Phasic RSWA was also greater in the AT compared with the SM in controls, consistent with previous studies that also found a lower sensitivity and specificity for RBD diagnosis using the AT muscle alone.[11, 15] We have also previously found that AT RSWA levels are higher in men and with advancing age in a large cohort of control subjects without dream enactment,[36] suggesting that the influences of age and sex could explain differences in RSWA values between these muscles.

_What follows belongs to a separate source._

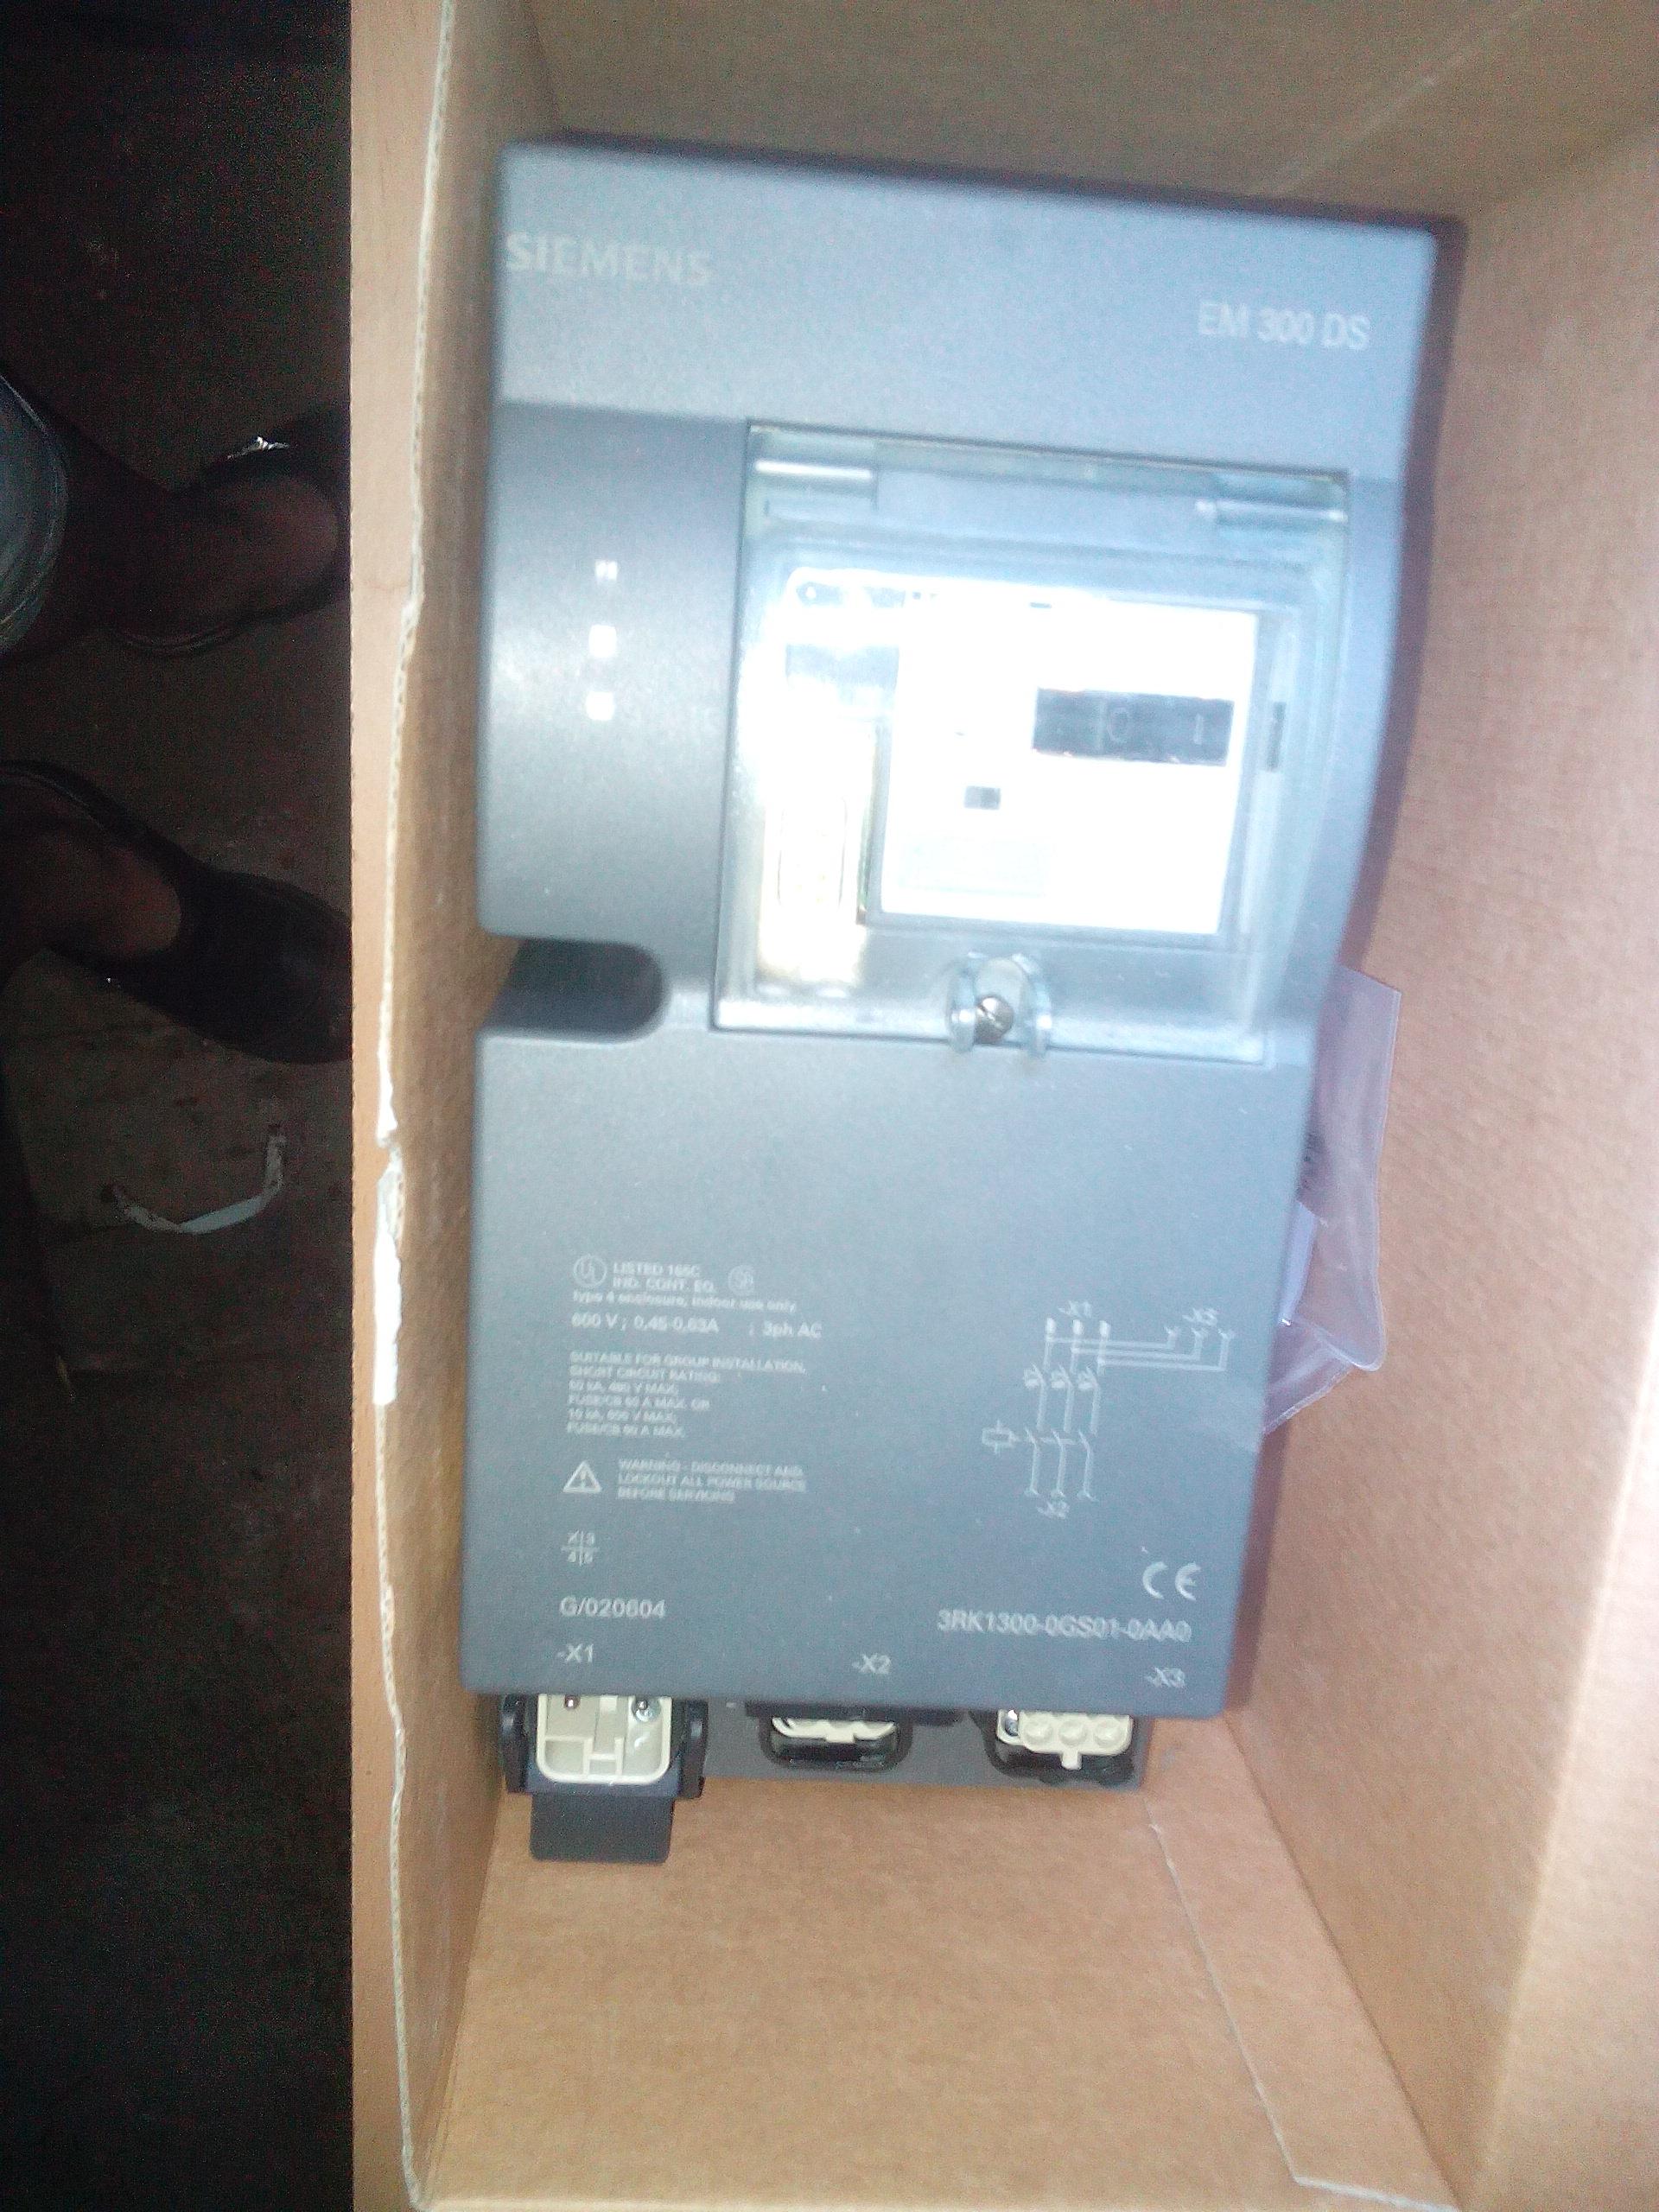 Danfoss Soft Starter Mcd 202 Manual Wiring Diagram Vlt Aqua

Comorbidities such as peripheral neuropathy or restless legs syndrome, which occurred in 27% of controls, could contribute to increased RSWA in the AT of controls, making it a less specific muscle for RBD diagnosis. Other nocturnal movement disorders such as excessive fragmentary myoclonus may be partially responsible for elevation of AT muscle activity in our control patients.[37] However, fragmentary myoclonus is by definition shorter than 150 ms,[37] and average AT phasic muscle burst duration was 470 ms in controls, indicating that fragmentary myoclonus was unlikely to be responsible for increased AT RSWA in our controls.

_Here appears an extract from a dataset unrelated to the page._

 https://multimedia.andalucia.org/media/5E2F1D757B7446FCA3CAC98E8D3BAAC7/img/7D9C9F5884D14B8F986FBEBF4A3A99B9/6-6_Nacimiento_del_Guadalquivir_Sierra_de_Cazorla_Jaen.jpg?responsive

We routinely review each PSG prior to scoring RSWA in order to identify and remove any 3-second mini-epochs that contain muscle activity that is related to snoring, breathing-related events, and arousals.[15] This is a crucial step for both manual and automated RSWA scoring, so that muscle activity related to arousals or disordered breathing events is rigorously excluded from RSWA analysis. Artifact exclusion is essential when evaluating REM sleep muscle tone for iRBD diagnosis, to ensure that exclusion of physiologic muscle activity related to arousal (and that is not related to RSWA pathophysiology per se) is achieved. Arousal related muscle activity must be appropriately excluded from the determination of RSWA muscle activity percentages, so as to avoid falsely positive diagnoses of RBD. Rigorous artifact rejection prior to automated computerized scoring has been shown to reduce the amount of false positive RSWA by as much as 40%, when compared to RSWA determined by computerized scoring alone without artifact rejection.[21]
Our study has several limitations. Given that our sample was drawn from a single tertiary care sleep center, it is likely to be subject to referral and sampling biases. However, our iRBD cohort had similar age, gender, and clinical characteristics to other published series of RBD patients, suggesting that it is reasonably representative of iRBD patients encountered in clinical practice. In addition, we included patients who received split-night polysomnograms and included REM sleep PLM-like movements in our RSWA analyses. Six control patients and 6 iRBD patients underwent split-night PSG. We have previously shown that combining each half of a split-night study for RSWA analysis yields similar results as full-night PSG studies, and that CPAP therapy has little to no effect on RSWA.[15] Eight control patients had a total sleep periodic limb movement index of >50; however, PLMI was not associated with RSWA. The consistency of our RSWA cutoffs to our previous[18] and other studies,[11] and the difficulty in distinguishing REM PLM-like activity from true PLMS of NREM sleep, argues that this approach is practical and sound. Six of our iRBD patients had an AHI >5, raising the possibility of pseudo-RBD.[38] However, all but two of these patients (who had an AHI of 6 and 10 with CPAP titration) had an AHI of < 5 during CPAP titration, allowing for normalization of REM sleep muscle tone that may have been related to sleep-disordered breathing and accurate RSWA analysis; and all iRBD patients continued to exhibit dream enactment behaviors following successful treatment of their OSA.[38] In addition any 3-second mini-epoch that contained arousal-related or sleep-disordered breathing artifact was removed prior to analysis.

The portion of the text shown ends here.